The gold standard for diagnosis and preoperative planning remains the digital subtraction angiogram (DSA) (Fig. 73-3B), as this modality allows selective arterial injections, rotational views, three-dimensional (3D) reconstructions (Fig. 73-3C), and cross-compression testing, if necessary. When assessing the vasculature during the preoperative planning of PComA aneurysm treatment, a fetal PCA (Fig. 73-4A and B) is defined by absence of filling of the PCA or lack of visualization of the P1 segment with the vertebral artery injection (Fig. 73-4C).

In preoperative planning for ICA bifurcation aneurysms, the absence or presence of cross-filling of the ipsilateral ACA across the anterior communicating artery from the contralateral A1 is important to assess with a cross-compression test during the diagnostic angiogram. This maneuver entails compression of the ipsilateral ICA during contralateral ICA injection to determine whether the ipsilateral ACA territory can be supplied by the contralateral ICA. The presence of cross-filling implies that compromise of the ipsilateral A1 during clip reconstruction of ICA bifurcation aneurysms may be compensated for by filling of the ipsilateral A2 via the contralateral A1 across the anterior communicating artery, rather than via the ipsilateral A1.

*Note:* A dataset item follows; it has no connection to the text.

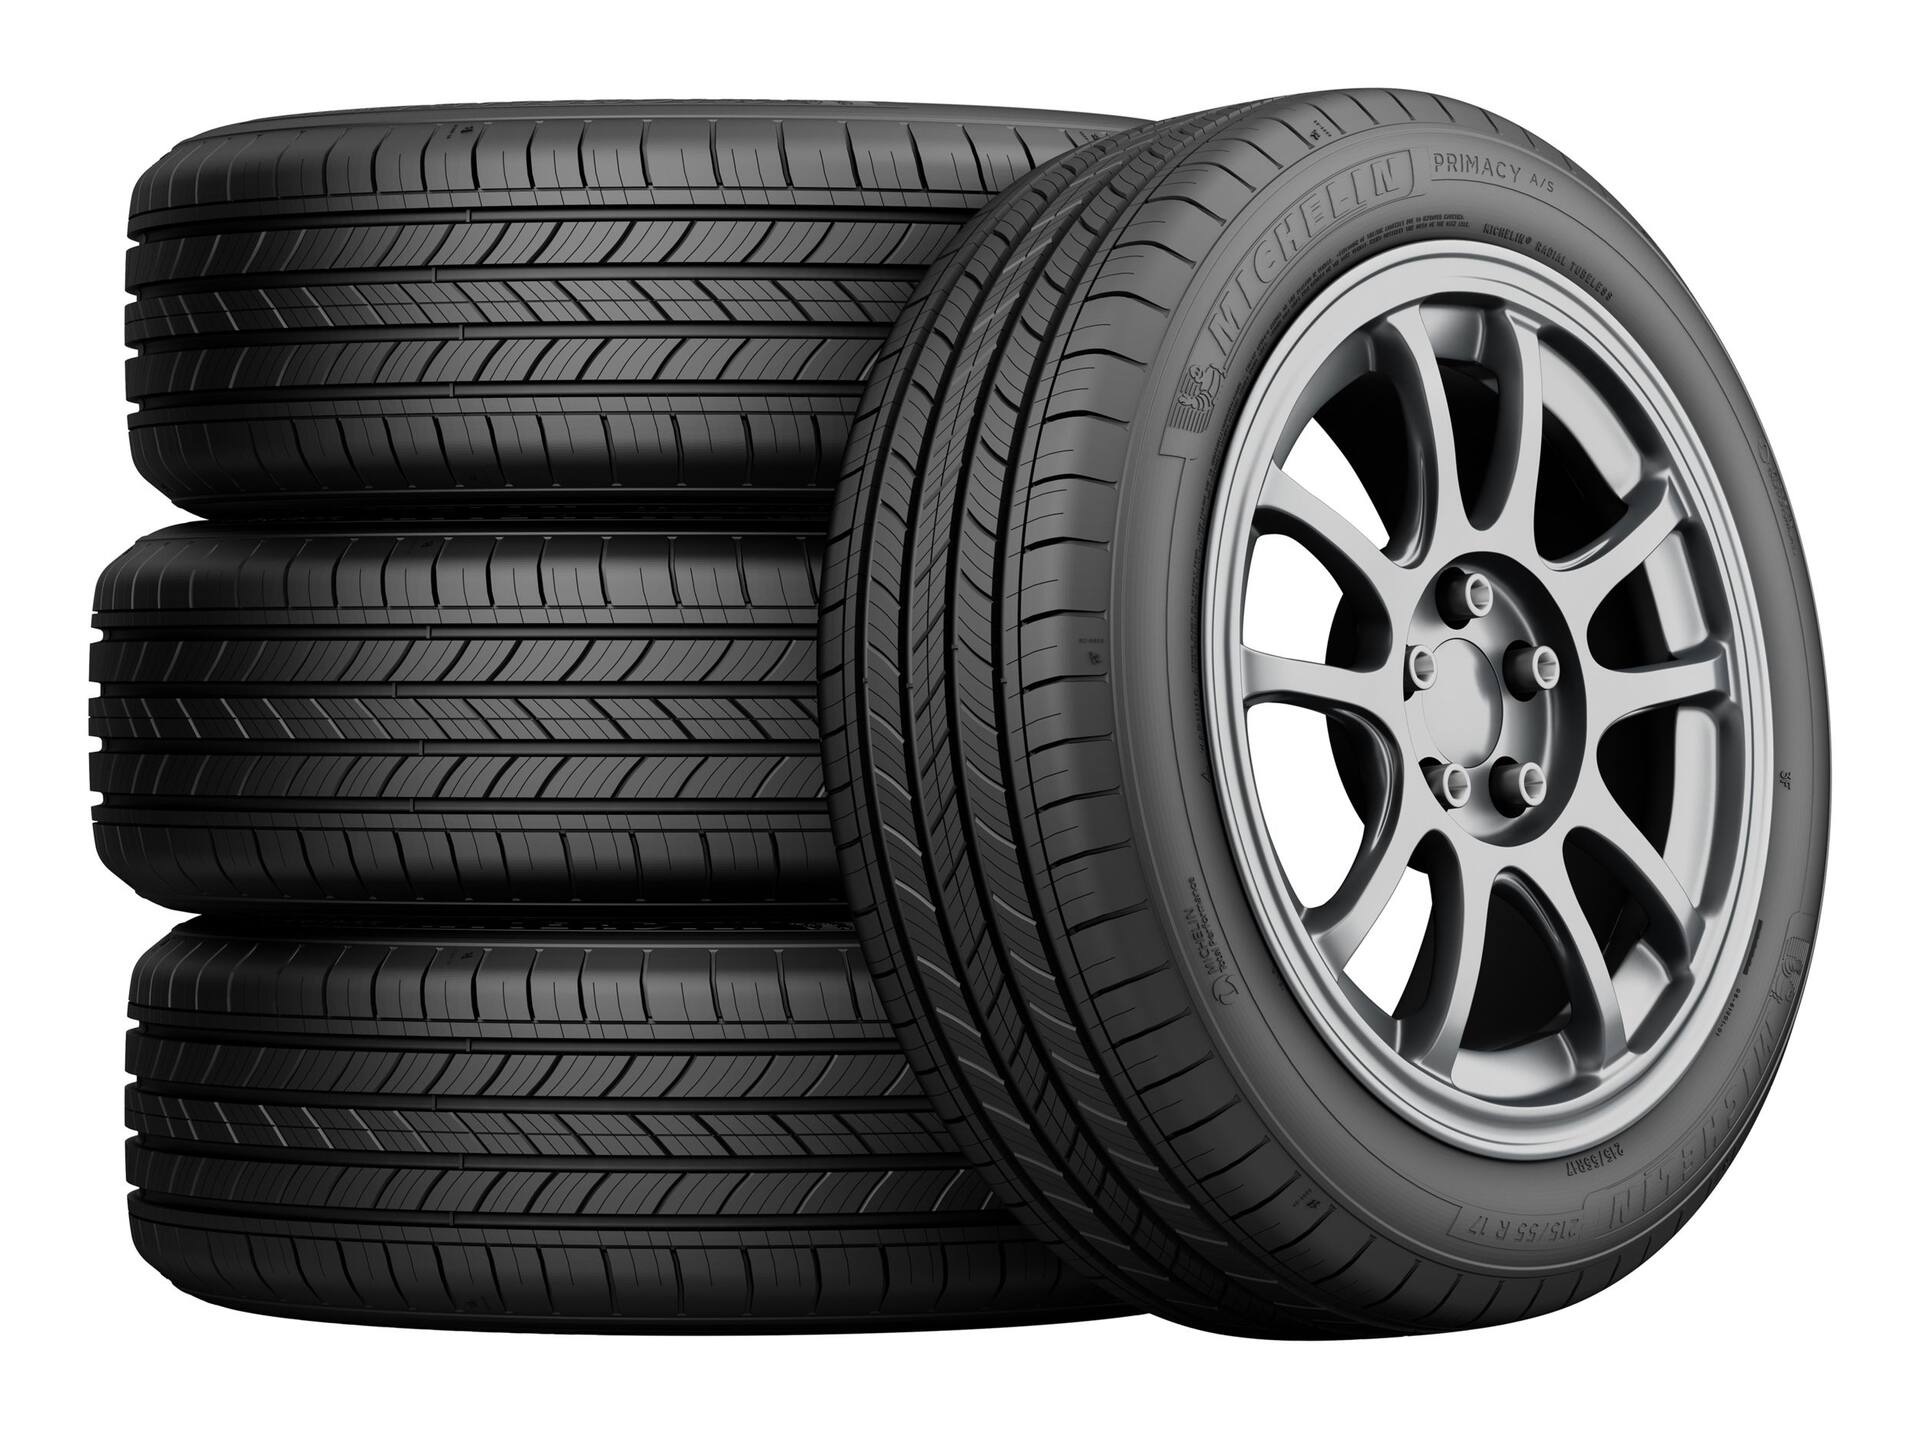 Michelin Primacy A/S Performance Tire For Passenger & CUV

Anterior circulation aneurysms located at the posterior communicating segment (Fig. 73-5), anterior choroidal segment, and terminal ICA bifurcation are typically favorable for microsurgical clipping. Posterior communicating and anterior choroidal aneurysms are carotid wall aneurysms that frequently include the origin of the branch artery at the aneurysm base (Fig. 73-6A). Meticulous identification of the branch artery adjacent to the proximal neck of the aneurysm allows for clip application across the neck to be accomplished with simultaneous preservation of the origin of the branch artery and minimal brain retraction (Fig. 73-6B to E).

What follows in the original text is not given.